Look, The Blacklist certainly doesn’t need my help, approval, or suggestions. But it’s been a maddening season. If the show would just pick a lane and either be a straight villain-of-the-week procedural affair (and if the villains are colorful enough, that’s its own reward) or try and take a more economical, cable style approach (which would require an abbreviated 13 episode season), it might be less frustrating. I’m not sure that dragging out the mystery of Red and Lizzie’s relationship over the course of another season is the way to go, in either case. Still, much of this might just be solved by the simple matter of the fact that now The Blacklist knows what it’s getting into.

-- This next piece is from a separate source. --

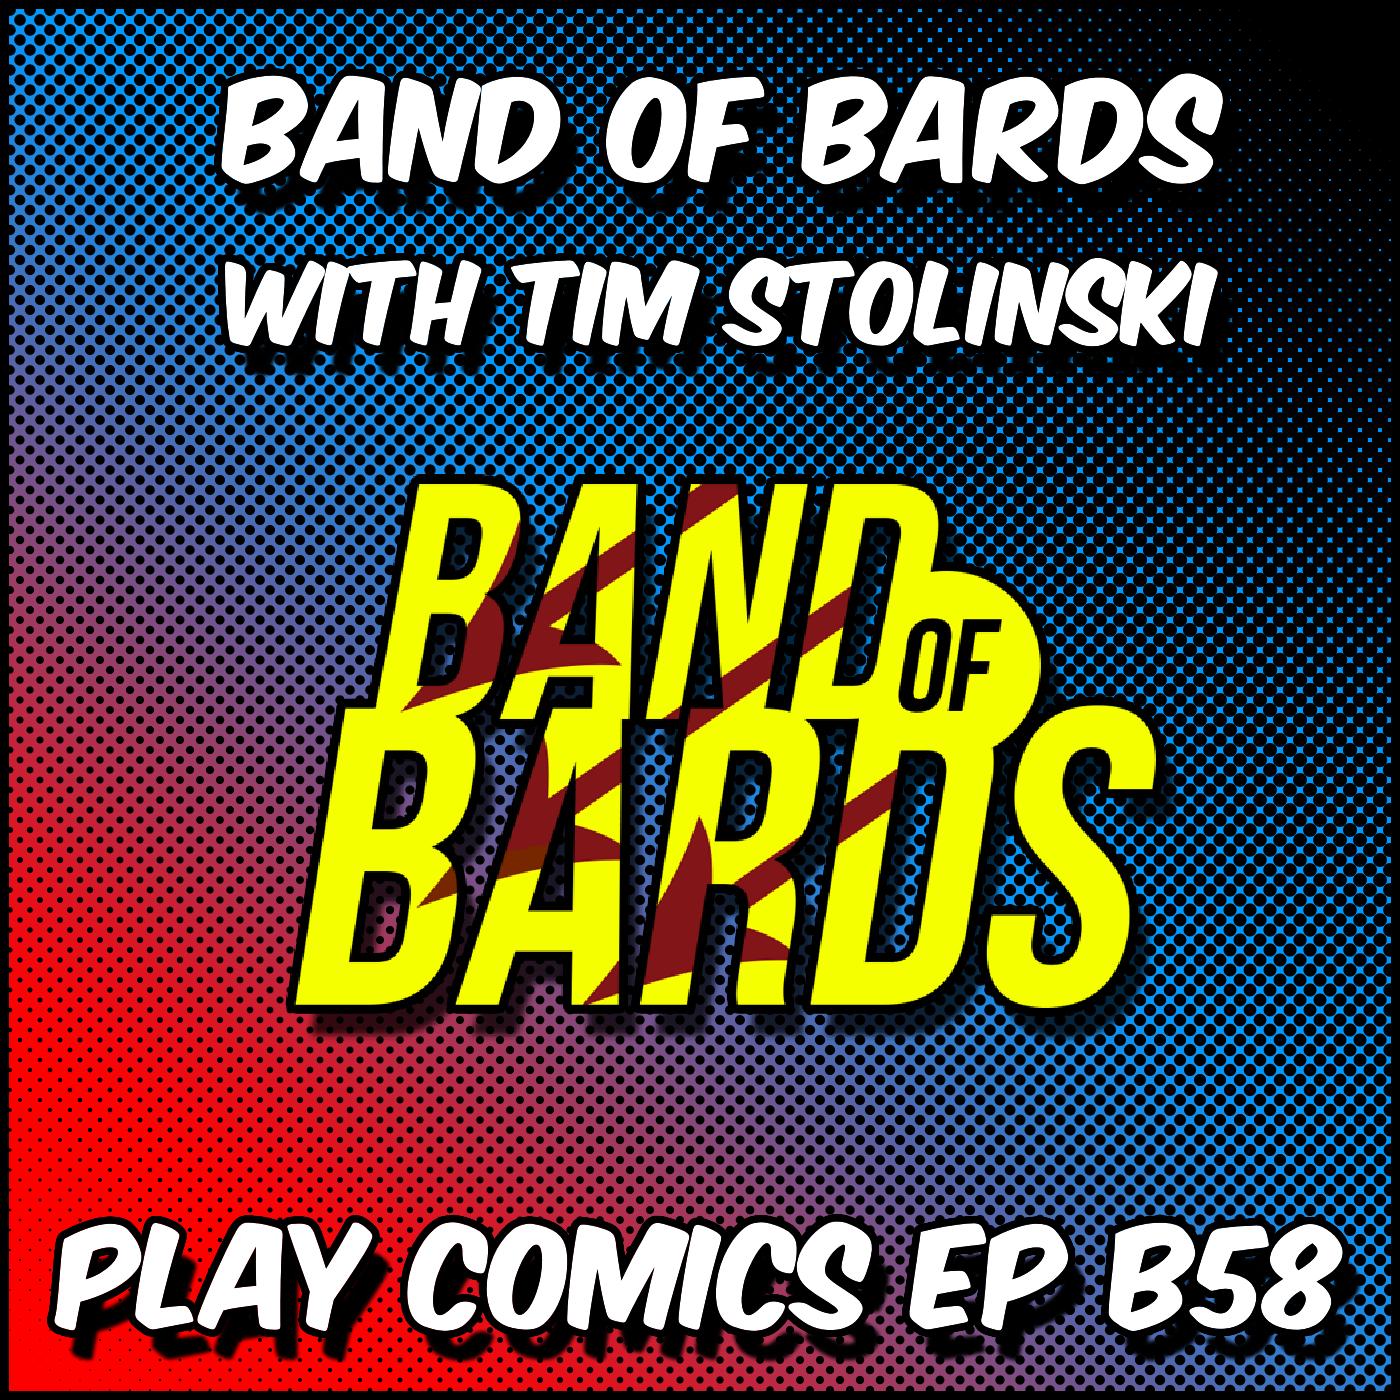 Band of Bards with Tom Stolinski

The show has a full 22 episode season 2 order waiting for it, and they’ve got all summer to line the pieces up, something that often isn’t possible with the first season of a network drama.
Taken as a whole, both parts of “Berlin” all felt a bit muddled. Deploying Pearl Jam’s “Just Breathe” in its entirety at the end there seemed a bit maudlin, right down to Liz taking a wistful last look around her former home. As a two-part episode of The Blacklist, the “Berlin” saga is acceptable, but as a season finale, it’s lacking…especially considering how the show came out of the gate guns blazing with its pilot. I look forward to next season, but I do hope it irons out the creases before it returns.